Assigned task
Under this line are the records; repeat exactly the lines starting at the one containing "全国重新开闸设立的首家期货公司在青岛揭牌成立" and ending at the one containing "f:id:Yoichi045:20190506025626j:plain", omitting pictures.

Data shown
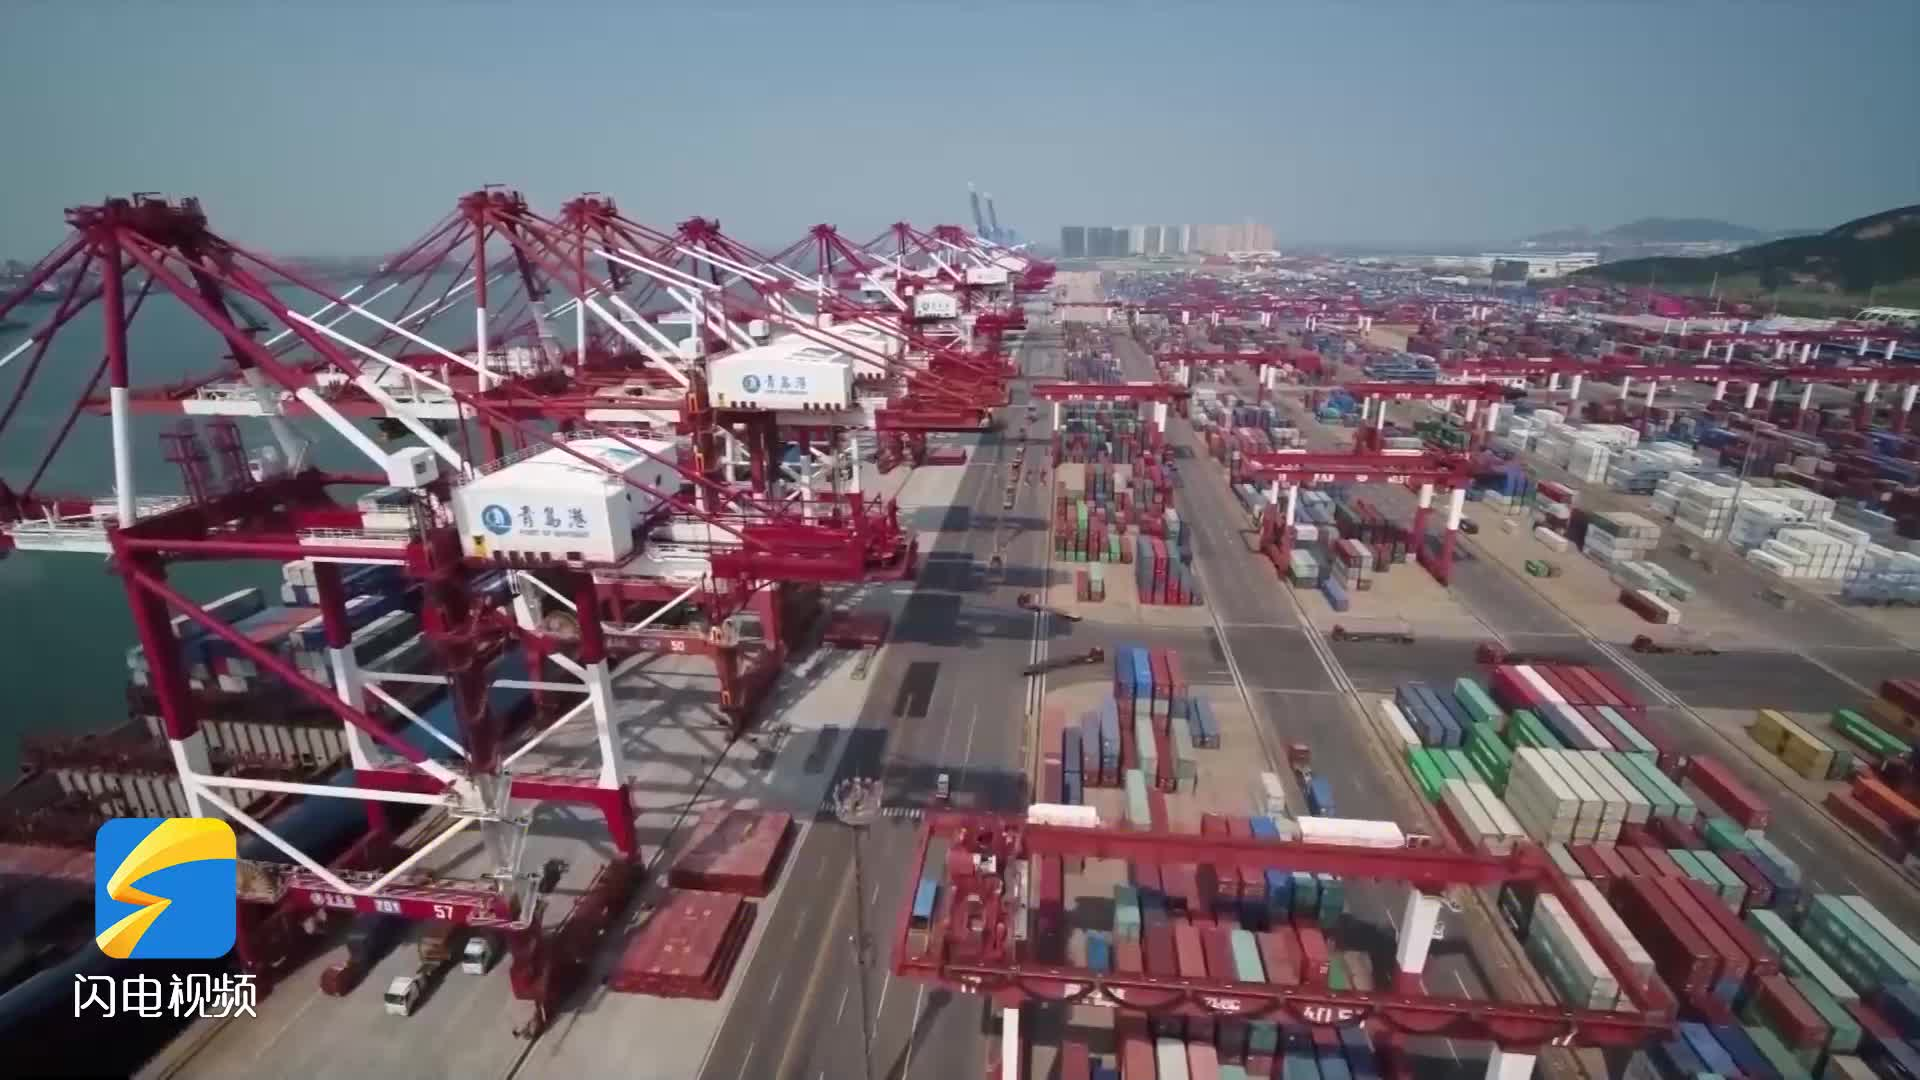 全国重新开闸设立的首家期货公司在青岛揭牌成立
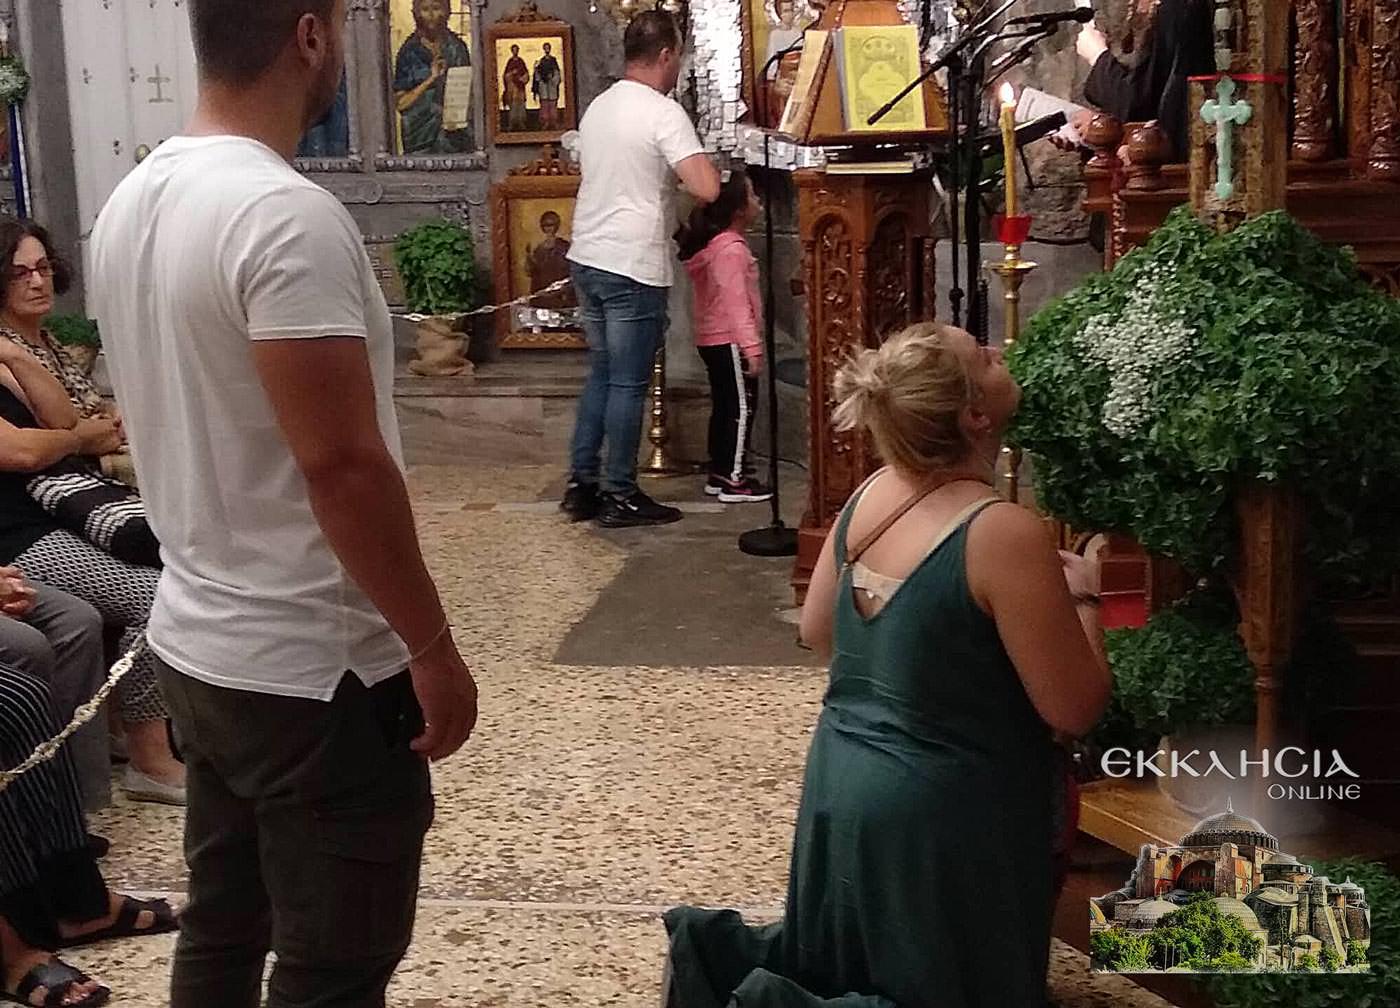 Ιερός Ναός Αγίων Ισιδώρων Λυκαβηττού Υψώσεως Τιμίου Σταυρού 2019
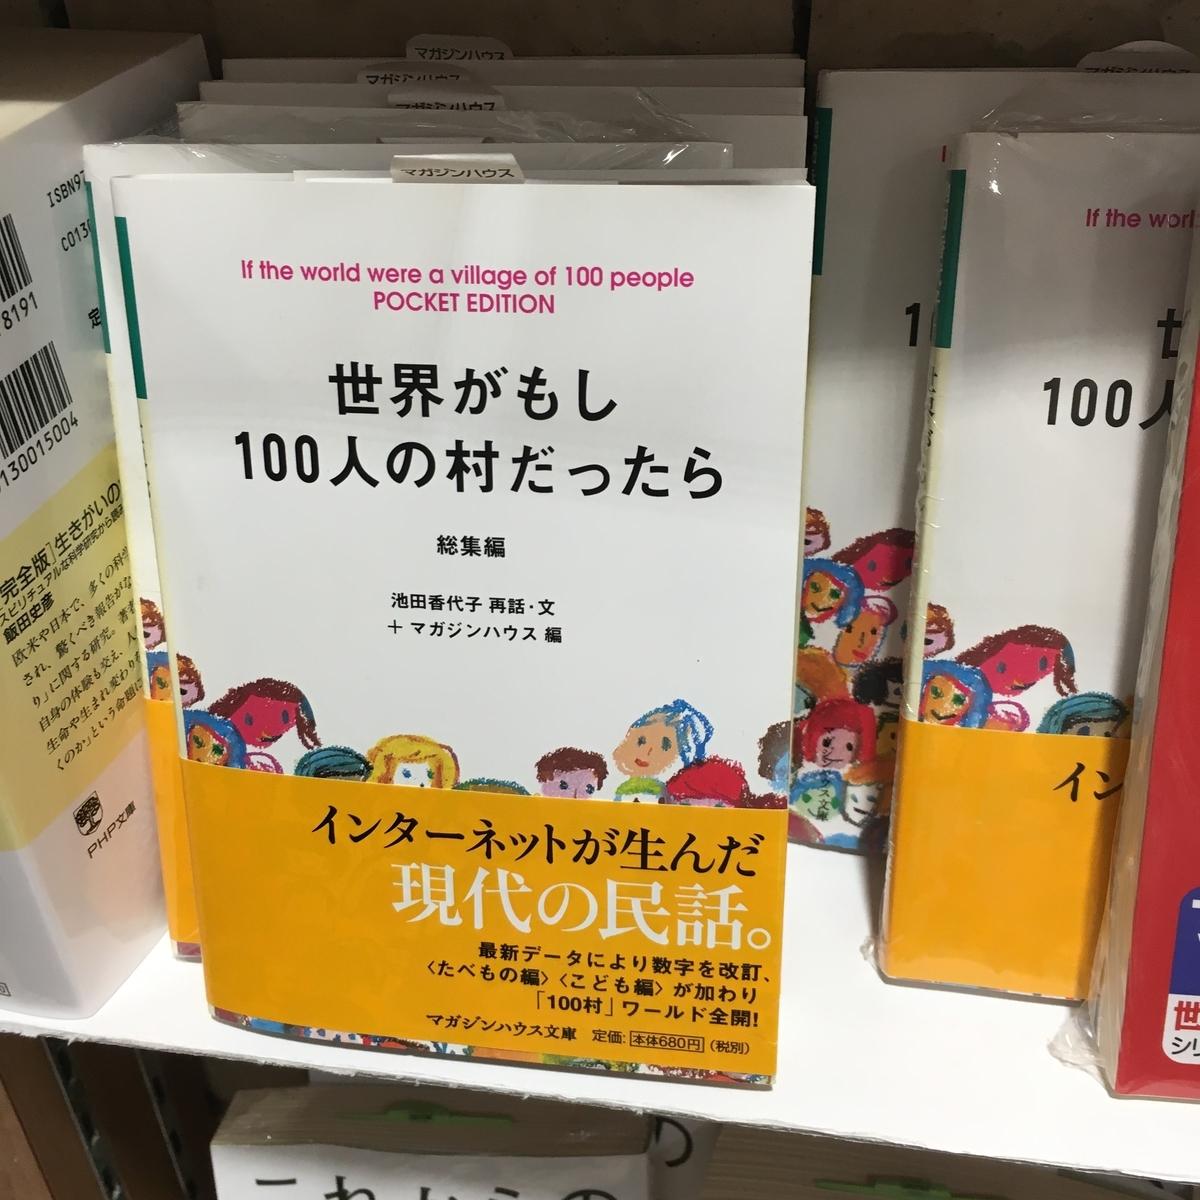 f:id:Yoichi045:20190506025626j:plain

==

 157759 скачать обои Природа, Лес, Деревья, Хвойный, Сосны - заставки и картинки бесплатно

Worked solution
 全国重新开闸设立的首家期货公司在青岛揭牌成立
 Ιερός Ναός Αγίων Ισιδώρων Λυκαβηττού Υψώσεως Τιμίου Σταυρού 2019
 f:id:Yoichi045:20190506025626j:plain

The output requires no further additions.